Can you clip your dtm to the extent of your point cloud? At some point R has on 32 bits signed integer and 64 bits double. This limits how many integers we can handle. Do you know how terra deals with that ?

bfrank5 commented 1 day ago

Hey JR,

I think the clipping is a workaround, but I was having trouble with parallel processing in catalog_apply using terra::crop. I run into a std::bad_alloc error, but I don't have a lot of specific information yet (nor anything reproducible). I could potentially tile the dtm into separate files and dynamically fetch the file path in catalog_apply, but trying a few other ideas first.

(Edit: I resolved the std::bad_alloc error, it turned out I was clipping with the wrong bounding box)

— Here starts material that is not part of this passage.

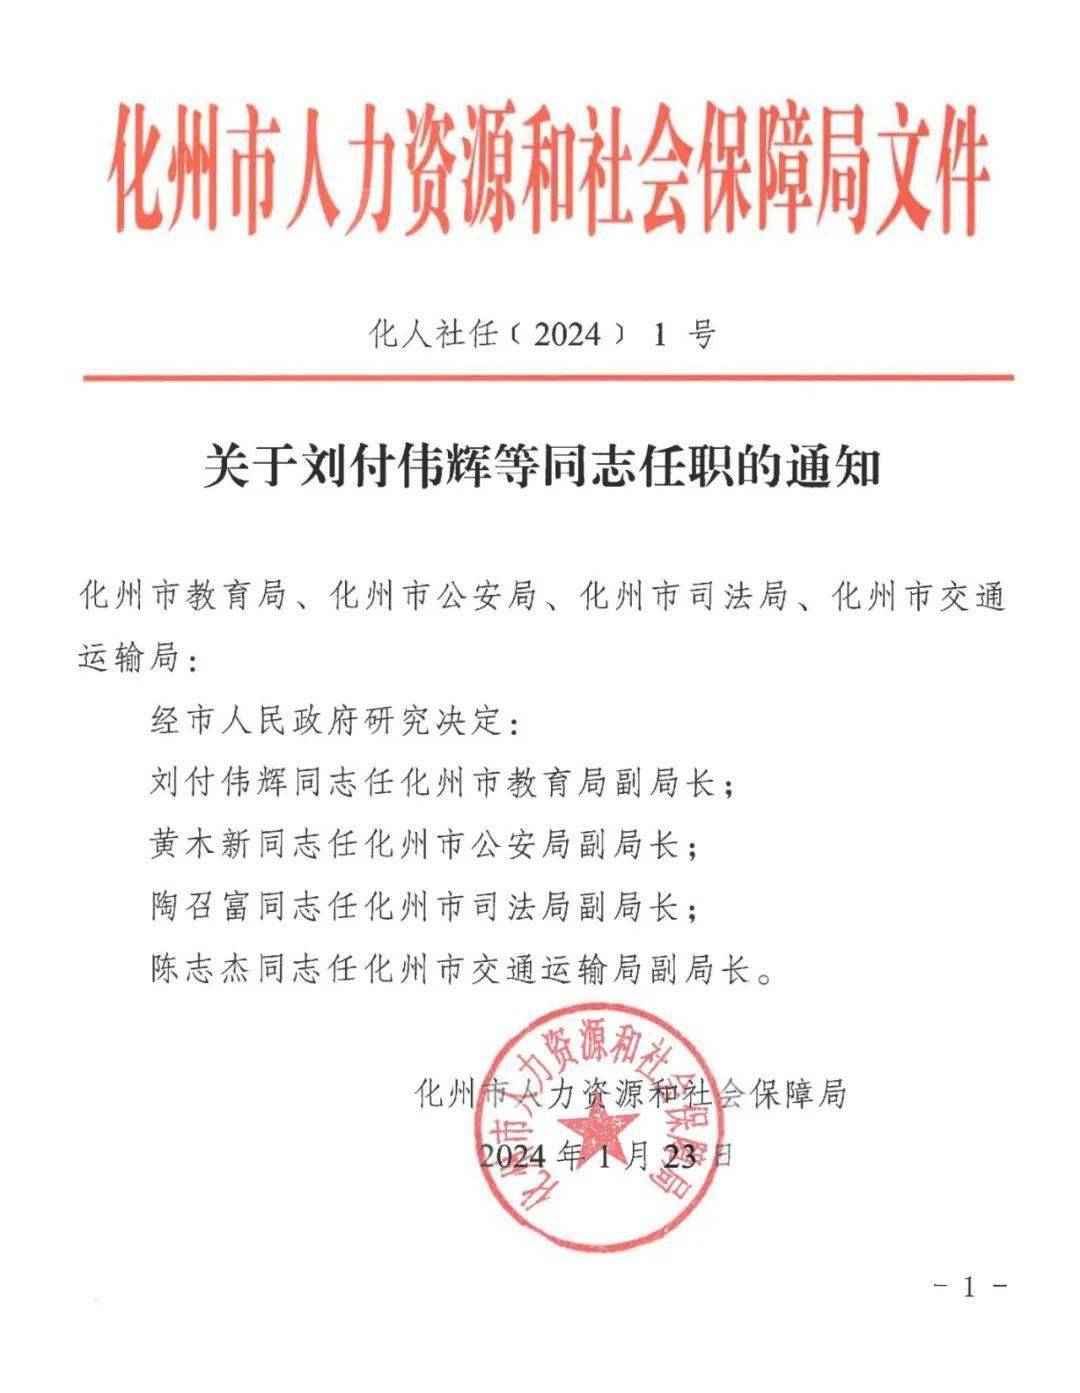 刘付伟辉同志任化州市教育局副局长;黄木新同志任化州市公安局副局长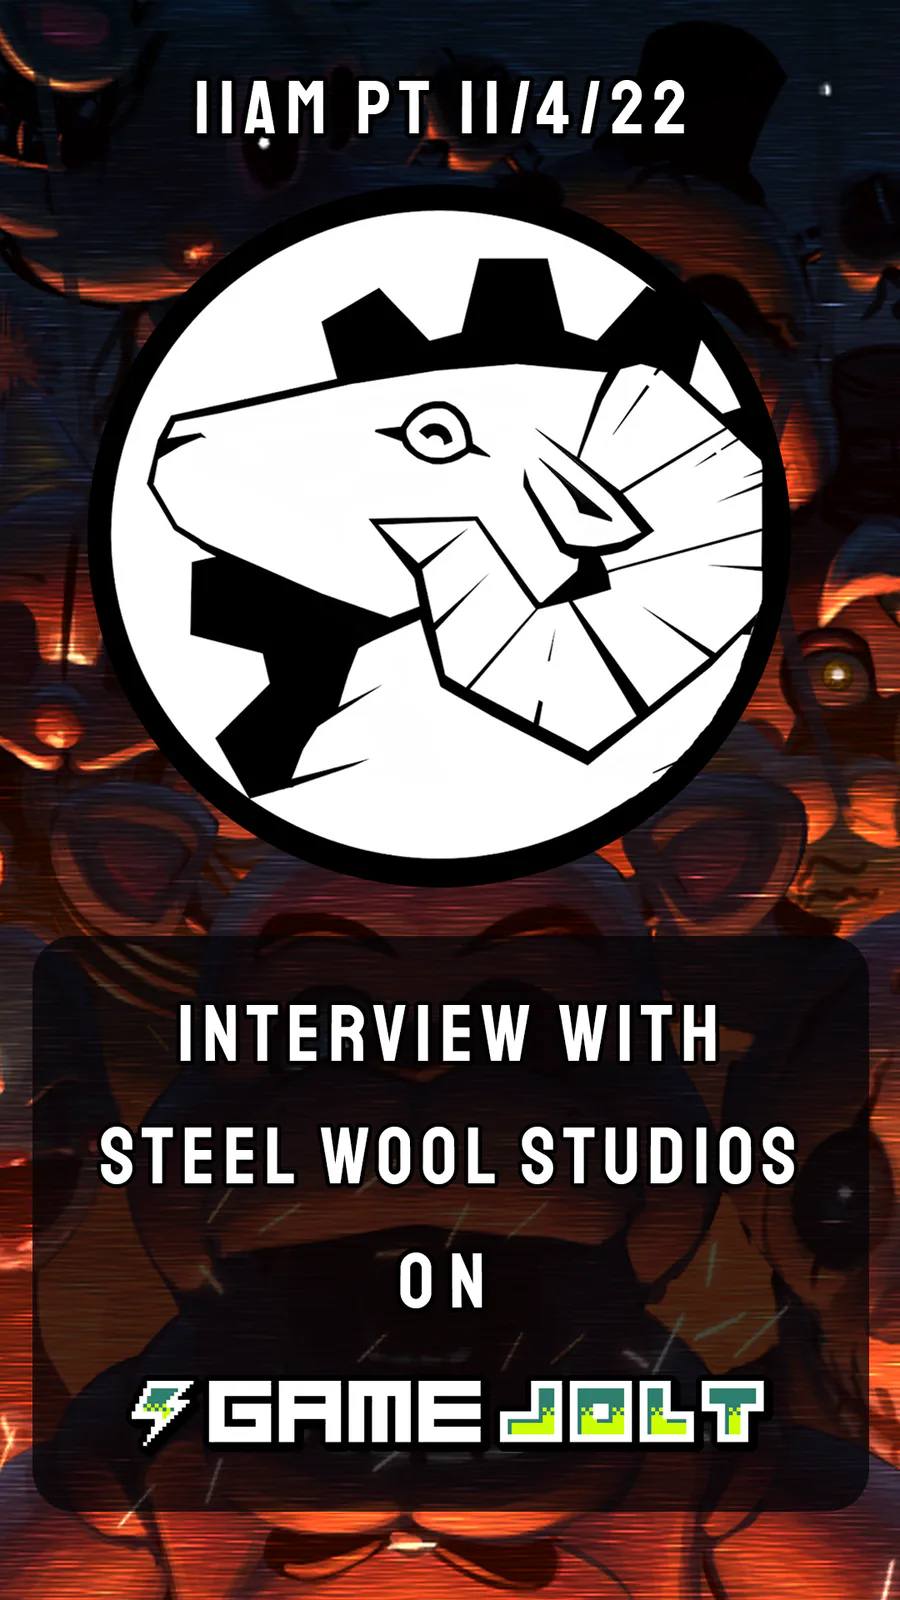 Steel Wool Studios

I am playing with simply removing the as.integer() call right now using a fork of the repository, and it appears to work fine, obviously you will want a more rigorous solution. I am still checking a larger dataset now.

As far as I can tell, at least for my application using normalize_heights, the next step is here:

https://github.com/r-lidar/lidR/blob/09a878bca524122a19fc40d7c76db5780236dcaa/R/utils_raster.R#L94-L121

where cells is the vector if indices attained previously. Drilling down, the terra::crop implementation ultimately goes here:

https://github.com/rspatial/terra/blob/e5458c22fc97a51bb73523ac8c971e975cda0afa/R/extract_single.R#L138-L155

I think the operable part here is rowColFromCell, which you can see the typing for here in the header file here:

https://github.com/rspatial/terra/blob/e5458c22fc97a51bb73523ac8c971e975cda0afa/src/spatRaster.h#L426

and appears to take a double. I can't speak to the other methods (e.g., raster::extract).

I wonder if it is sufficient to check if it is a whole number? And even then, terra::crop rounds the indices initially to the nearest whole number.

Up to you! I mostly wanted to stick this here in case anyone else runs into the same problem.